Marketers must cut through a jungle of information to get to the river.
Who gets credit? Merrihew asks.
Some data is useful, some dubious and some nonsense. It’s tough to figure out which is which, say digital marketers trying to make practical sense of so-called big data.
Auto retailing relies on information, and lots of it, to decide how, when and where to pitch to consumers whose tracked online shopping activities show an interest in buying a vehicle. Search-engine marketers play tug-of-war for their attention.
“There’s the 99% rule,” says Lincoln Merrihew, vice president-transportation for market researcher Millward Brown Digital. “If online someone is looking for, say, a, 99% of companies are trying to steer that person in a different direction.”
The ability to track and aggregate consumer behavior has created a jungle of information. Marketers need to cut through it to get to the river.
“Data is coming out faster than ever before,” says Karl Brauer, Kelley Blue Book’s senior director-insights. “Control and manage it, but don’t let it overwhelm you.”
Boil down all that information into something that’s manageable and useful, advises Ernie Kelsey, American’s manager-regional marketing.
“We need to look at big data, but we’re using small data for regional marketing,” he says at a J.D. Power conference session called “Got Data? What Data Matters Most for Automotive Remarketers.”
A session theme is the need to derive “small insights” from big data, Merrihew says.
Consumers can travel all sorts of highways and byways in their online journey to a vehicle purchase. They may even take a U-turn or two.
The last click doesn’t necessarily deserve the most credit for the sale. An earlier banner ad or search-engine marketing effort may have had more to do with it. But it’s hard to sort that out, despite all of the talk about using metric measurements to gauge ad effectiveness.
“Who gets credit for the circuitous route to a brand?” Merrihew says. “The long and winding route to a click sale has various detours.” Maybe even some dead ends.
Still, automakers and dealers rely on metrics and grid-like tracking to provide some idea of whether their advertising is hitting the target or getting close.
“Manufacturers can’t afford to shoot from the hip,” Brauer says. “It makes no sense. If 80% of them shot from the hip before, that’s down to 20%.”

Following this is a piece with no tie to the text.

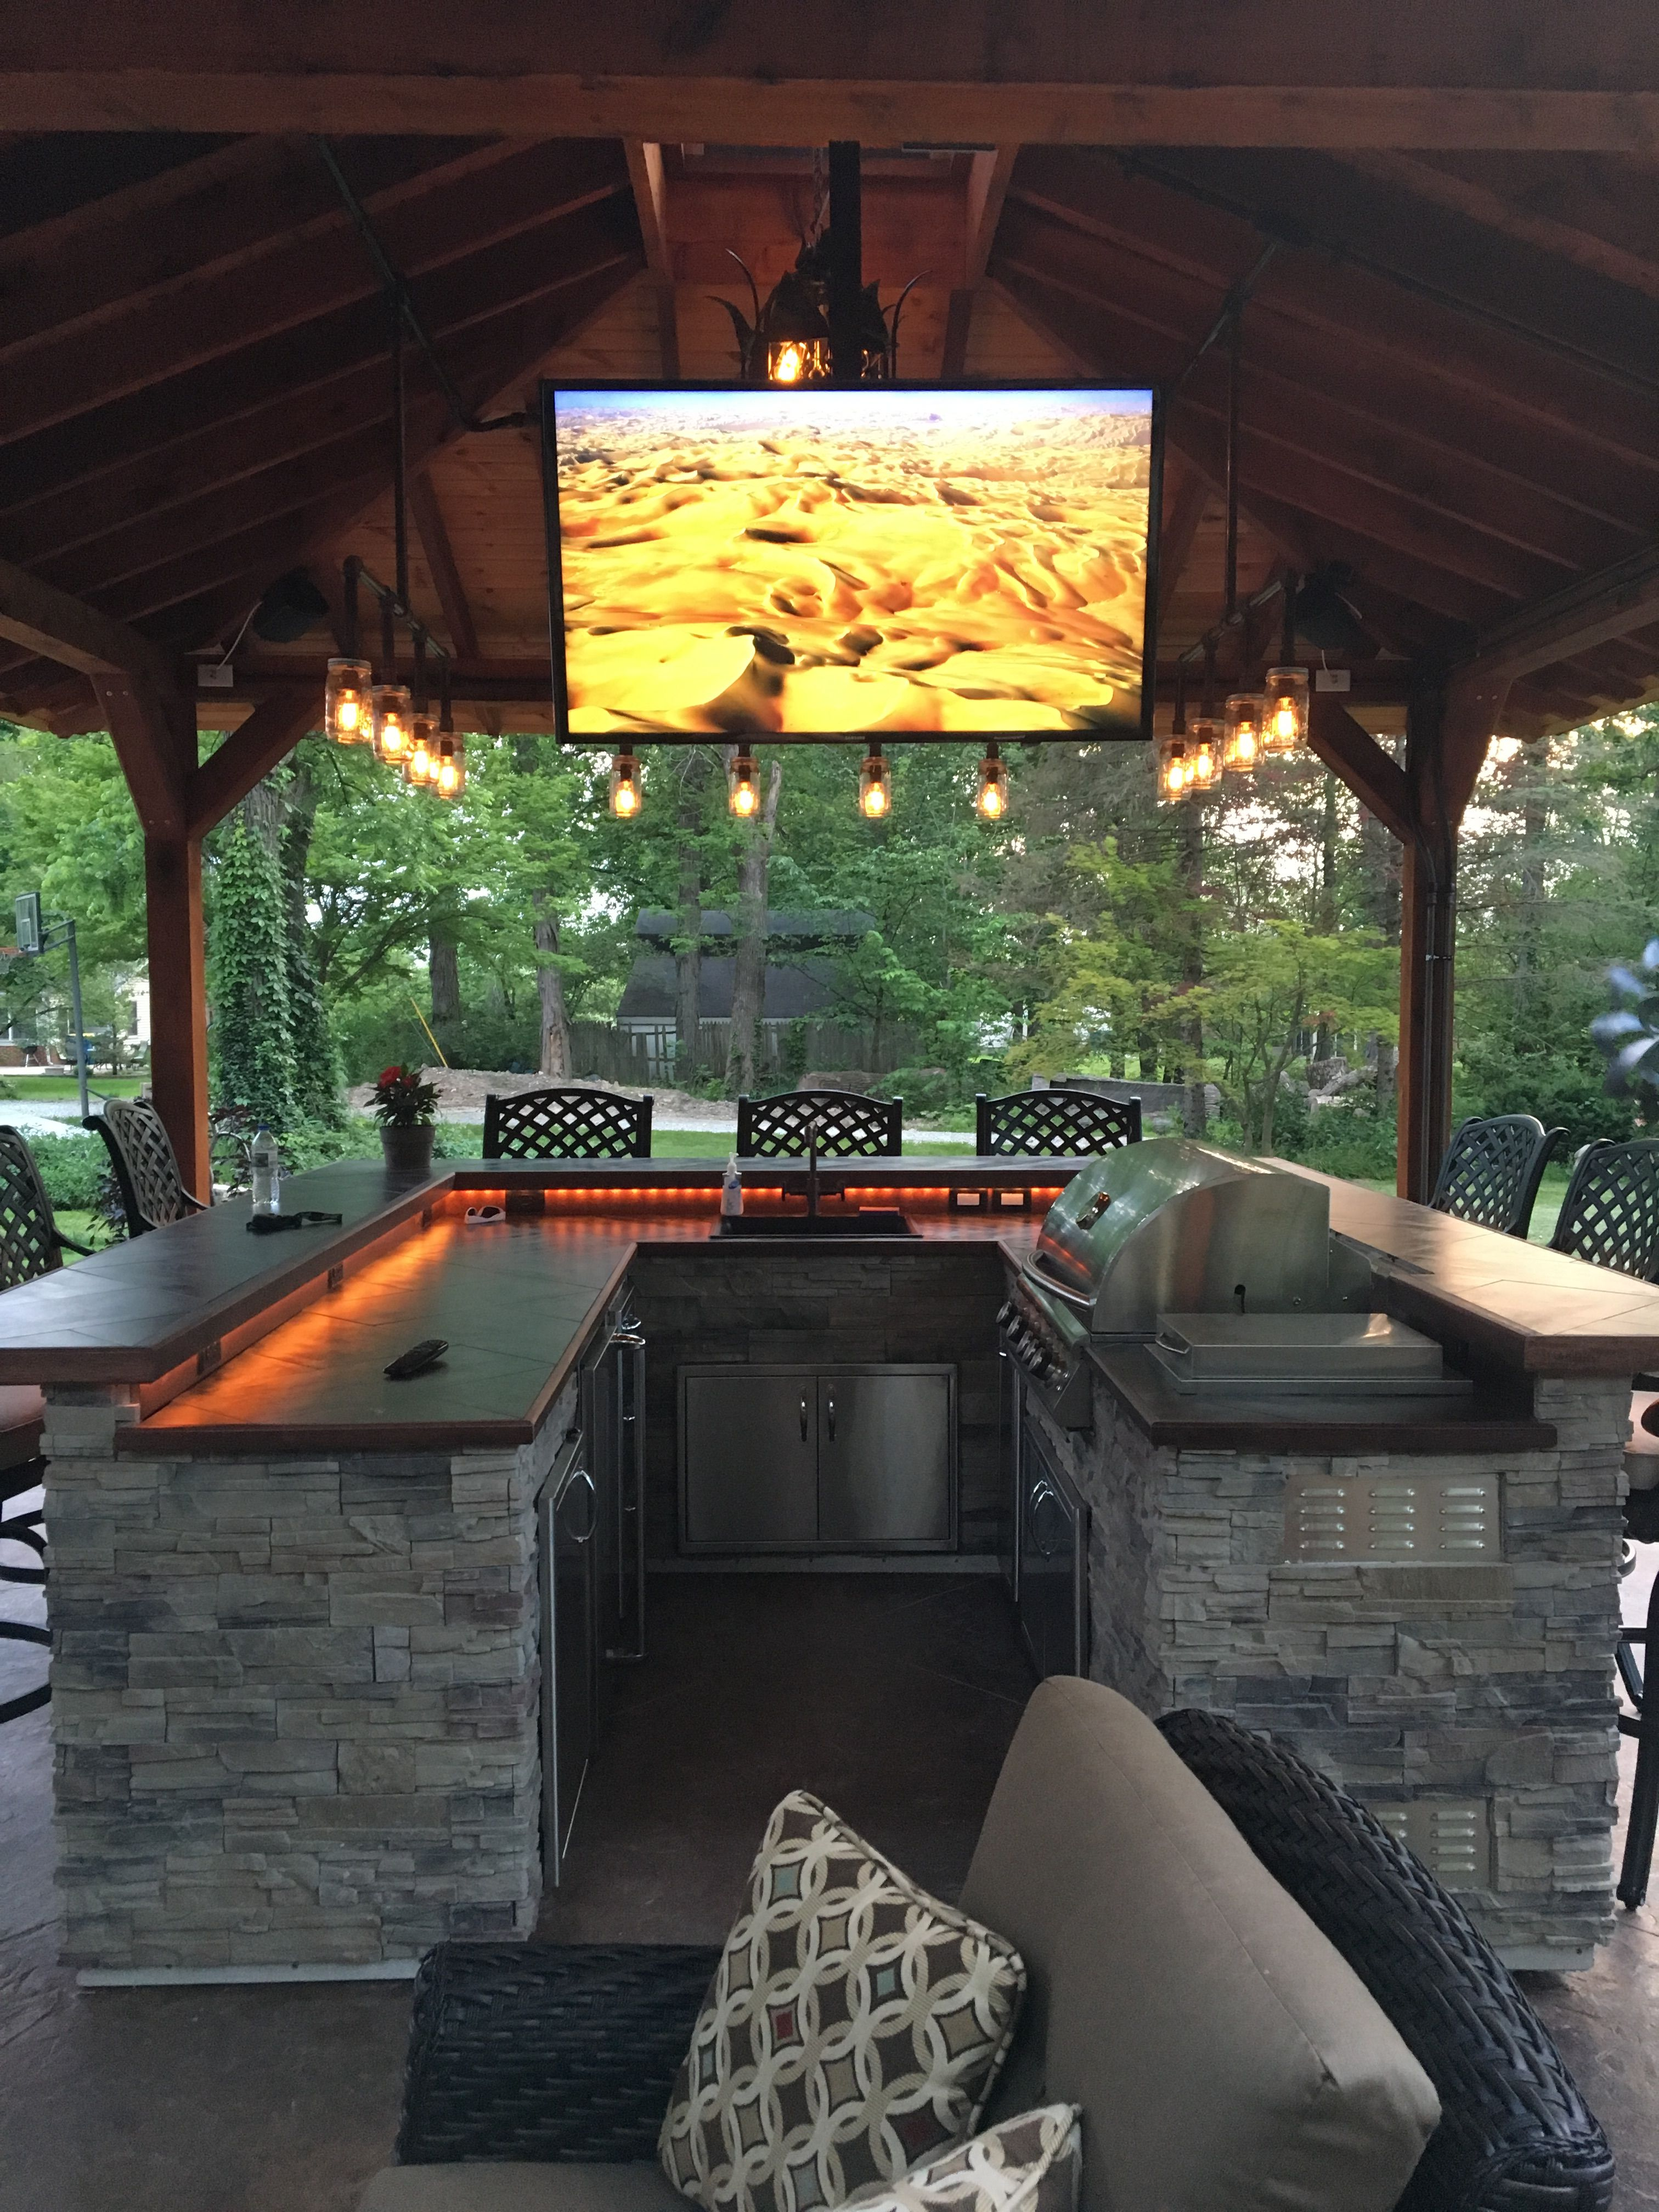 cedar outdoor kitchen patio bar stools iron pipe lights patio rh pinterest com Patio Kitchens Designs wilshire bar kitchen patio

Measuring ad effectiveness is an imperfect science. “There has to be a better way of measuring brand lift, but I haven’t figured it out,” says Seamus McAteer, senior vice president-data and analytics for Millennial Media.
The industry’s reliance on data in the pursuit of customers can give people with certain job titles more say in planning marketing strategies, he says. “If it is between a marketing expert and a statistician, they’ll take the statistician’s word for it.”
But people with advanced degrees in statistical analysis can get too absorbed in data, says Chip Peterson, group director-analytics for the automotive marketing firm Team Detroit. “They want to play with it. They can get immersed in it. They’re not necessarily interested in making money.”
Merrihew advises: “Don’t let Ph.Ds swim around more than 20%.”
“Big data” is an overused term, especially if someone is manipulating it to further their cause, McAteer says.
“I know BS when I smell it,” he says. “When people start using buzzwords, I want to see the data. You’ve got to understand the input in order to understand the results.”
Data, especially on a massive basis, can contain imperfections. Clients, marketers and others should allow for margins of error, says Peterson. “Too often in digital, I’ve seen good sources discredited. Don’t discard good data even though it might not be 100% perfect.”